Classifying movie reviews: a binary classification problem¶

The IMDB dataset¶

A set of 50,000 highly polarized reviews (positive and negative) from the Internet Movie Database
25,000 reviews for training and 25,000 reviews for testing
Each set consists of 50% negative and 50% positive reviews
Why use separate training and test sets?
Loading the IMDB dataset
- The argument num_words=10000 means that we only keep the top 10,000 most frequently occurring words in the training data.

영화 리뷰를 2 개의 그룹으로 분류한다.¶

절반은 train, 절반은 test 용 데이터로 나뉜다.¶

import tensorflow
tensorflow.__version__

'2.1.0'

자주 등장하는 상위 10000개의 데이터를 불러온다.¶

from tensorflow.keras.datasets import imdb

(train_data, train_labels), (test_data, test_labels) = imdb.load_data(num_words=10000)

Downloading data from https://storage.googleapis.com/tensorflow/tf-keras-datasets/imdb.npz
17465344/17464789 [==============================] - 1s 0us/step

train_data and test_data are lists of reviews
- Each review is a list of word indices.
train_labels and test_labels are lists of 0s and 1s, where 0 stands for negative and 1 stands for positive.

train_data[0][:10] # 2만5천개중 첫번째 리뷰이다. 이 숫자들은 vocab속 word에 해당한다.

[1, 14, 22, 16, 43, 530, 973, 1622, 1385, 65]

train_labels[0] # positive한 rivew이라는 것.

1

max([max(sequence) for sequence in train_data]) # 10000개의 단어라는 의미.

9999

word_index = imdb.get_word_index() #단어 index 정보를 얻을 수 있다.

Downloading data from https://storage.googleapis.com/tensorflow/tf-keras-datasets/imdb_word_index.json
1646592/1641221 [==============================] - 0s 0us/step

# how to decode one of reviews back to English words
word_index = imdb.get_word_index()
reverse_word_index = dict([(value, key) for (key, value) in word_index.items()]) 
decoded_review = ' '.join([reverse_word_index.get(i-3, '?') for i in train_data[0]]) # i-3:3번째부터 실제단어와 연결되어있음.
print(decoded_review) #decoding해서 찍어보자. 실제 텍스트 형태로 출력된다.

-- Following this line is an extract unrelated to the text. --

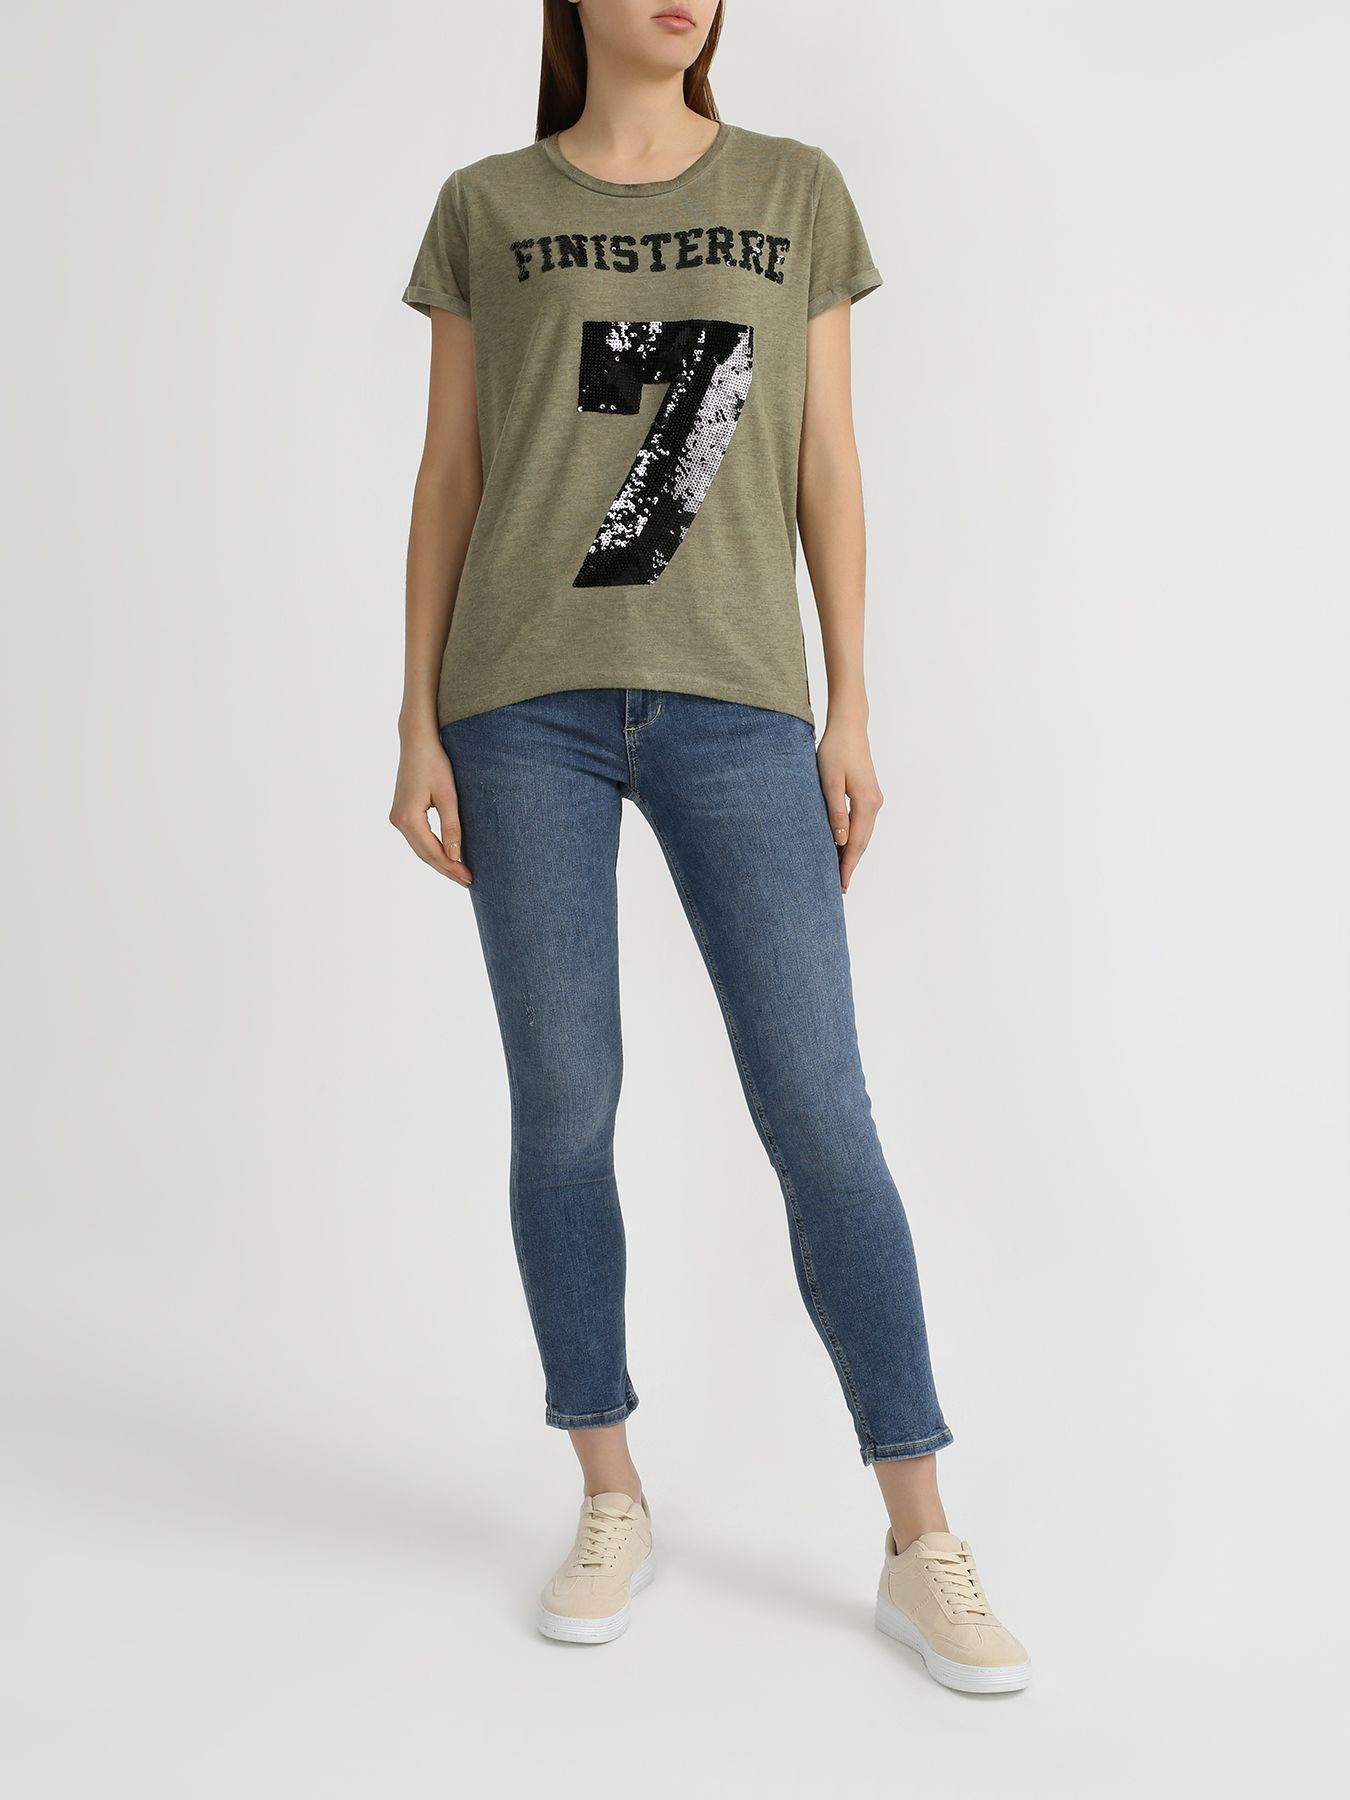 Джемпер Finisterre Женская футболка с пайетками ostin джемпер с пайетками
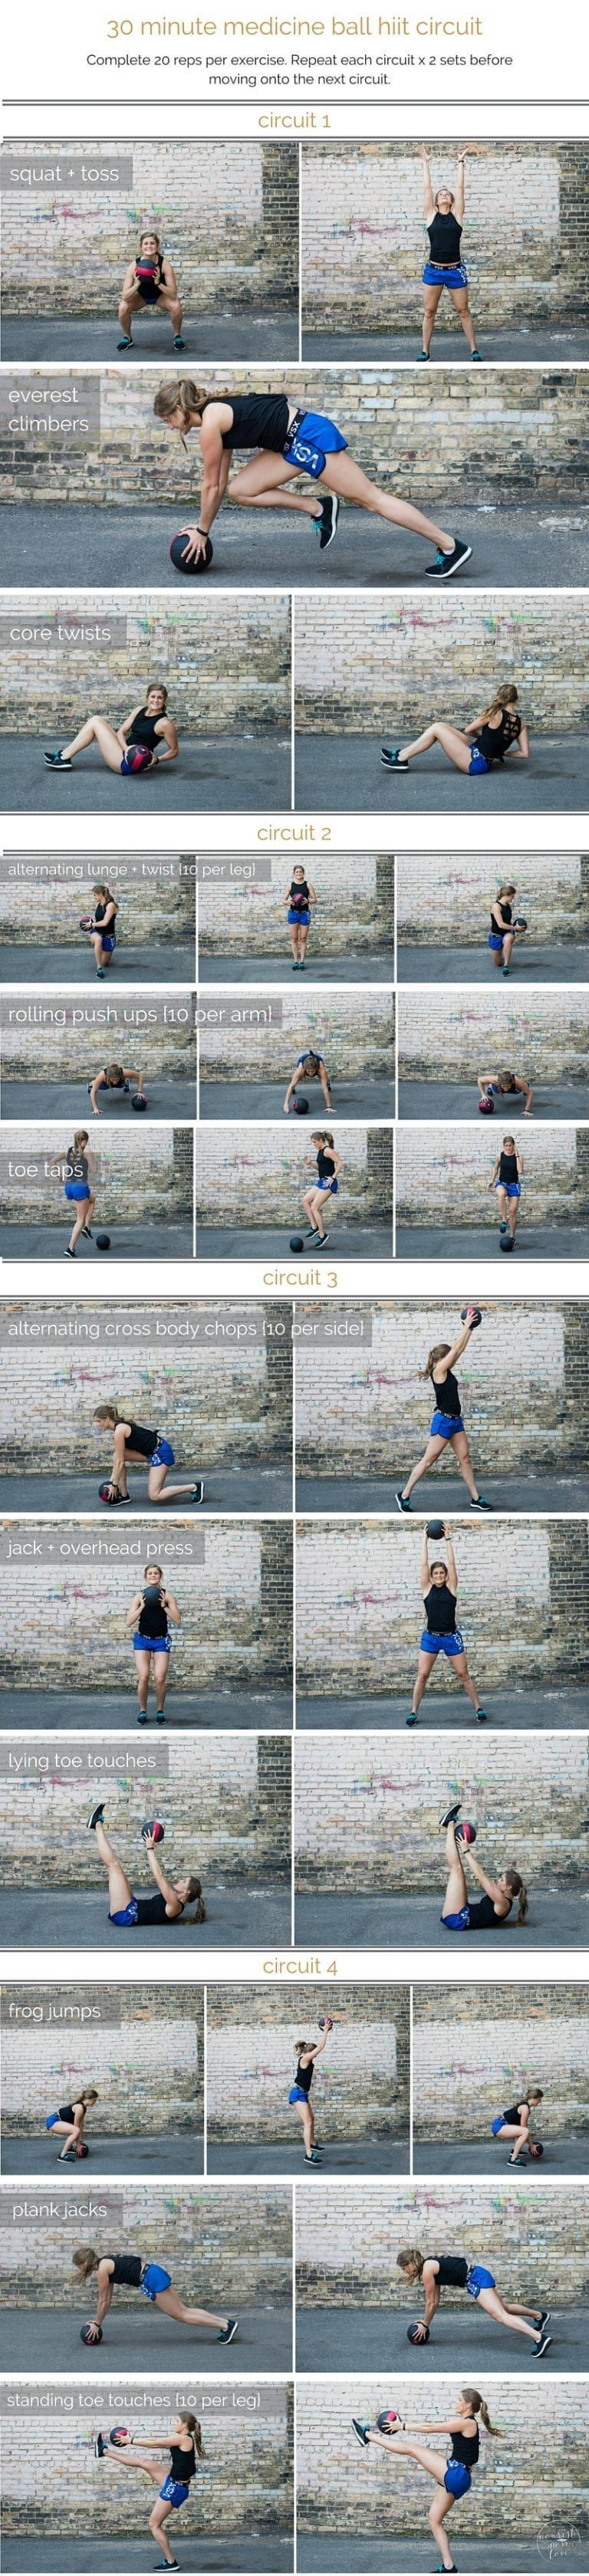 #Ball #Circuit #fitness #HIIT #langhantel #langhantel fitn  #Ball #Circuit #fitness #HIIT #langhante...

? this film was just brilliant casting location scenery story direction everyone's really suited the part they played and you could just imagine being there robert ? is an amazing actor and now the same being director ? father came from the same scottish island as myself so i loved the fact there was a real connection with this film the witty remarks throughout the film were great it was just brilliant so much that i bought the film as soon as it was released for ? and would recommend it to everyone to watch and the fly fishing was amazing really cried at the end it was so sad and you know what they say if you cry at a film it must have been good and this definitely was also ? to the two little boy's that played the ? of norman and paul they were just brilliant children are often left out of the ? list i think because the stars that play them all grown up are such a big profile for the whole film but these children are amazing and should be praised for what they have done don't you think the whole story was so lovely because it was true and was someone's life after all that was shared with us all

reverse_word_index[100] # 100번째 인덱스에 해당하는 단어를 출력하는 것.

'after'

Preparing the data¶

We have to turn our lists into tensors.
- Pad the lists so that they all have the same length. --> Turn them into an integer tensor of shape (samples, word_indices).
- One-hot encode the lists to turn them into vectors of 0s and 1s.
  - For example, the sequence [3, 5] --> a 10,000-dimensional vector that would be all 0s except for indices 3 and 5, which would be 1s.

텐서로 표현하자. one-hot encoding !¶

import numpy as np

def vectorize_sequences(sequences, dimension=10000):
  results = np.zeros((len(sequences), dimension))
  for i, sequence in enumerate(sequences):
    results[i, sequence] = 1.
  return results

x_train = vectorize_sequences(train_data)
x_test = vectorize_sequences(test_data)

x_train[0]

array([0., 1., 1., ..., 0., 0., 0.])

x_train.shape # 25000개의 리뷰 x 10000개의 딘어

(25000, 10000)

y_train = np.asarray(train_labels).astype('float32')
y_test = np.asarray(test_labels).astype('float32')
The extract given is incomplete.